1.1. Create an Enclosure

The initial CAD geometry only contains the LED spotlight parts. Therefore, it’s necessary to create an external air domain. In SimScale, this is possible with an enclosure operation.

To do that, please right-click on the LED Spotlight – Quarter Geometry and select an ‘Enclosure‘ operation.

The enclosure should be large enough to prevent the boundary conditions from interfering with the results. In Figure 6, you will find a good rule of thumb for the enclosure dimensions:

• Top: 6 times the height of the LED spotlight
• Down: 4 times the height of the geometry
• Sides: 8 times the width of the geometry

Please set up the enclosure dimensions as in Figure 7:

1. Enable Keep existing parts. This step is important for conjugate heat transfer simulations. This way, the solid parts won’t get deleted during the enclosure operation.
2. Set the enclosure dimensions to the following:
   • Minimum (x) value: 0 meters
   • Minimum (y) value: -0.3 meters
   • Minimum (z) value: 0 meters
   • Maximum (x) value: 0.25 meters
   • Maximum (y) value: 0.4 meters
   • Maximum (z) value: 0.25 meters
3. ‘Start’ the operation.

1.2. Imprint Operation

Another important step is to run an Imprint operation. In our LED geometry, a series of interfaces between solid/solid and solid/flow regions are present. The imprint operation improves the automatic detection of such interfaces.

Using Figure 5 as a reference, create an Imprint operation and click ‘Start’.

1.3. Create the Simulation

Figure 8 shows the Workbench once the Imprint operation finishes running. Click on the ‘Create Simulation’ button to proceed.

The analysis type choice widget opens up. From the options, pick ‘Conjugate heat transfer v2.0’ and ‘Create the Simulation’:

As a result of a strongly coupled energy equation, the Conjugate heat transfer v2.0 analysis type provides much faster convergence rates, in comparison to the conventional Conjugate heat transfer (CHT).

After creating a simulation, the simulation tree will be visible in the left-hand side panel. It’s necessary to set up all entries to be able to run the simulation. At this point, SimScale will also automatically detect all Contacts within the geometry. In our case, there are a total of 64 interfaces.

The global simulation settings remain as default, as in Figure 10. Since it’s a natural convection simulation, the velocities in the domain are small, and a ‘Laminar’ turbulence model is appropriate.

2. Assigning the Material and Boundary Conditions

In the following sections, we will set up the physics of the simulation.

2.1. Model

In the Model tab, it’s possible to define the direction and magnitude of gravity:

Please define gravity as ‘-9.81’ \(m/s^2\) in the y-direction.

2.2. Defining the Materials

In conjugate heat transfer simulations, it’s necessary to define both solid and fluid materials.
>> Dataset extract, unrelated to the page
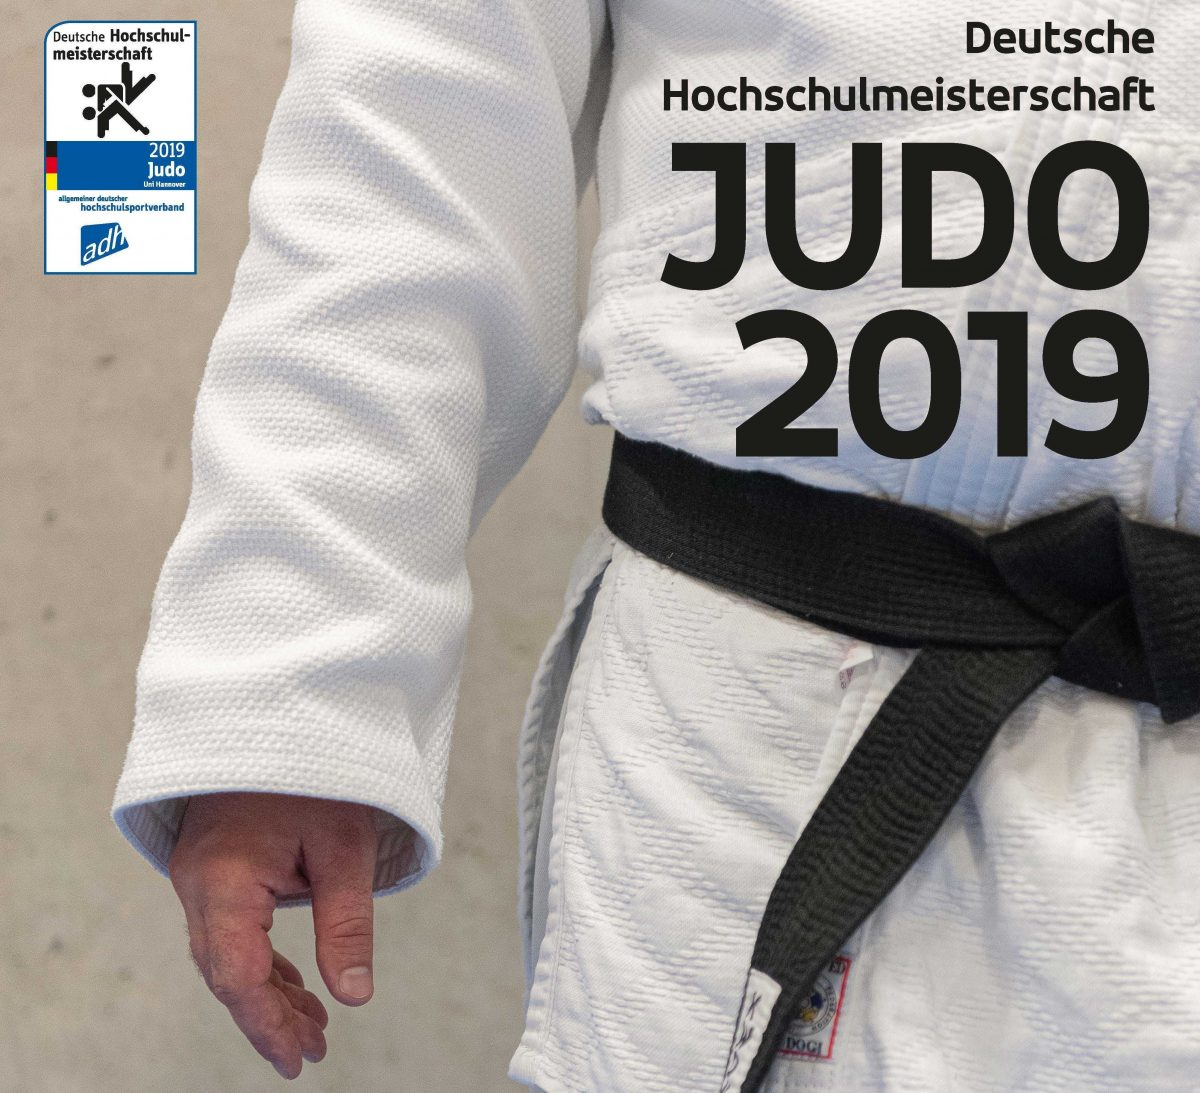 Deutsche Hochschulmeisterschaft Judo
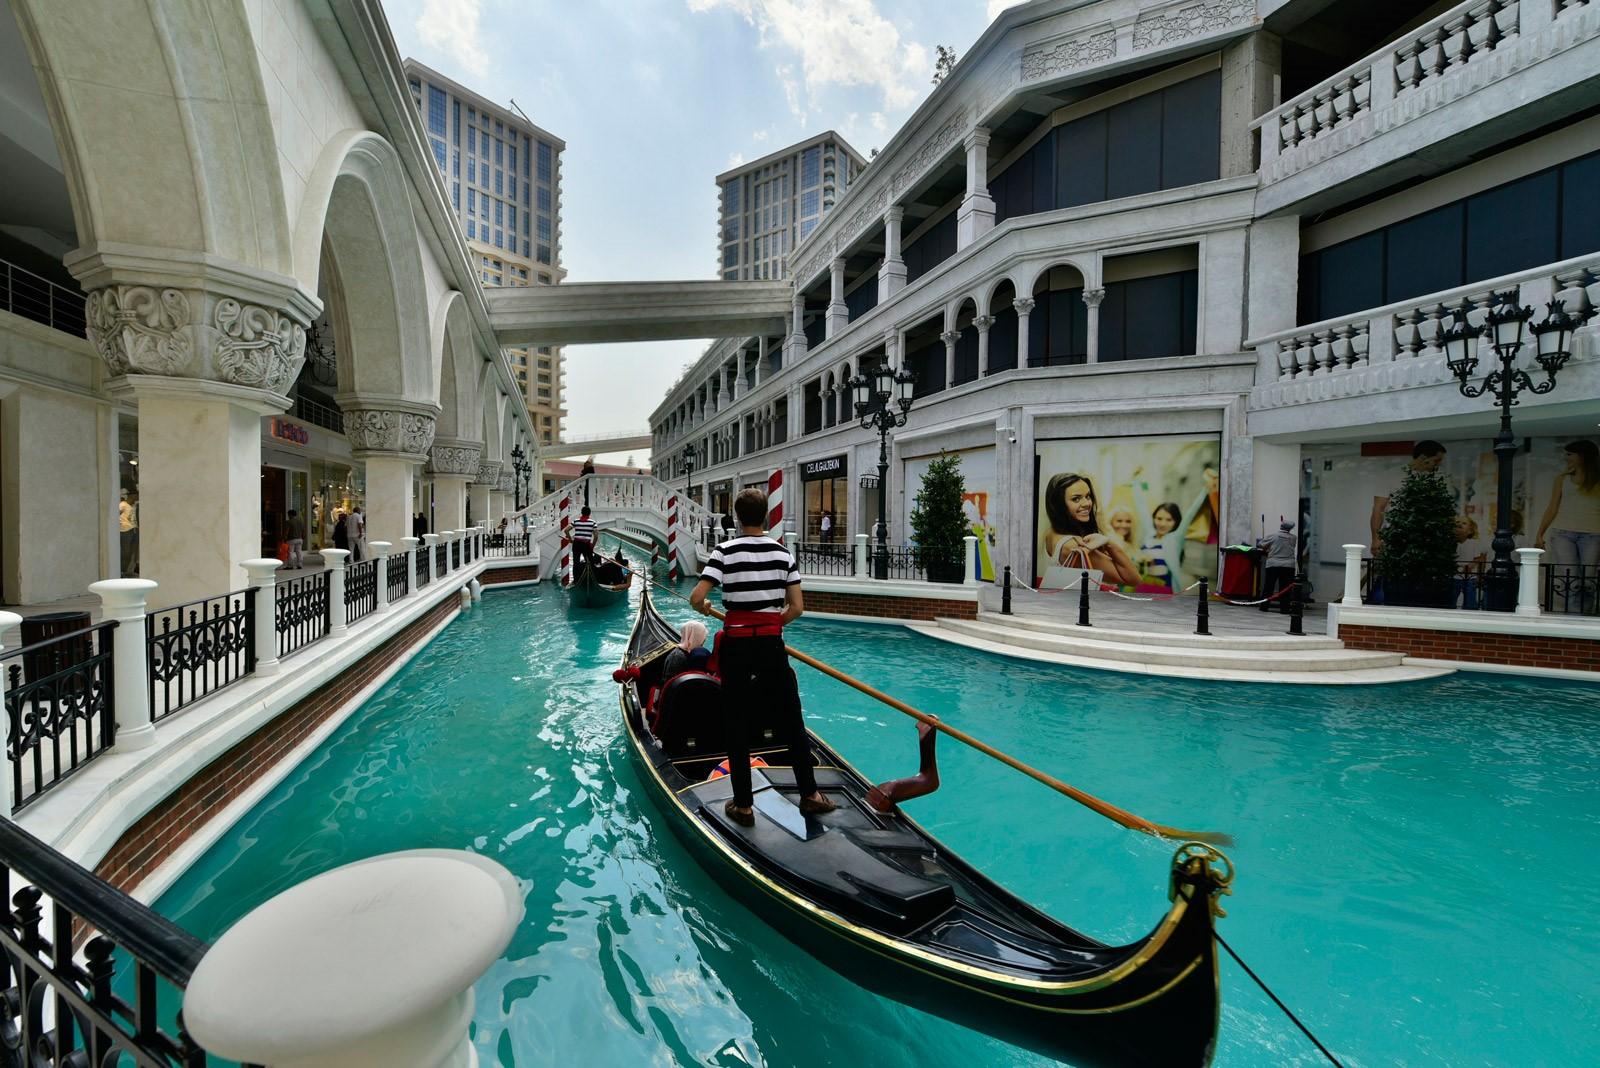 أنشطة يمكنك القيام بها في فينيسيا مول Venezia mall Mega Outlet :

Let’s first go through the fluid domain.

2.2.1 Fluid Materials

To add a fluid material, please click on the ‘+ button’ next to Fluid:

The fluid material library pops up. From the list, choose ‘Air‘:

The geometry contains two air regions: one internal to the LED, and the external flow region. You can use the right-hand side panel to quickly select the volumes.

2.2.2 Solid Materials

Let’s now add the solid materials. First, click on the ‘+ button’ next to Solids, as in figure 12. This time, a library of solid materials appear.

From the list, please choose ‘PVC’, which is a common material for circuit boards:

The materials library contains common properties for PVC. In this tutorial, PVC is used in a circuit board, so we will adjust the material properties to account for the circuits. Figure 16 shows the changes:

• Set \((\kappa)\) Thermal conductivity to 2.5 \(\frac {W}{m.K}\).
• The new Specific heat is 1004 \(\frac {J}{kg.K}\).
• Set \((\rho)\) Density to 1900 \(\frac {kg}/{m^3}\).
• Lastly, assign the Board volume.

All the remaining solid materials maintain the default settings. Find below a list of materials and the respective assignments.

• Aluminium: Core
• Brass: Connector Base
• Copper: Connector Pin
• Glass: Glass
• Silicon: 0.25 W Chip, 0.5 W Chip, and 1 W Chip

2.3. Initial Conditions

In CFD simulations, it’s a good practice to initialize the parameters close to the expected solution. With this approach, it’s possible to improve the convergence rate of a simulation, achieving the final result faster.

In this tutorial, we will change the initialization of temperature and velocity.

2.3.1 Temperature

The LED geometry contains three chips, which are dissipating heat. From a design perspective, it’s important to keep the chip temperatures under control, otherwise, the lifetime of the LED gets shorter.

Usual temperatures on the chips are around 100°C, thus, initializing the LED parts at 75°C is a good initial guess. Figure 17 shows the initial steps for initialization with subdomains.

1. Add a new subdomain by clicking on the ‘+ button’ next to Subdomains.
2. Input the initialization value, in this case, 75°C.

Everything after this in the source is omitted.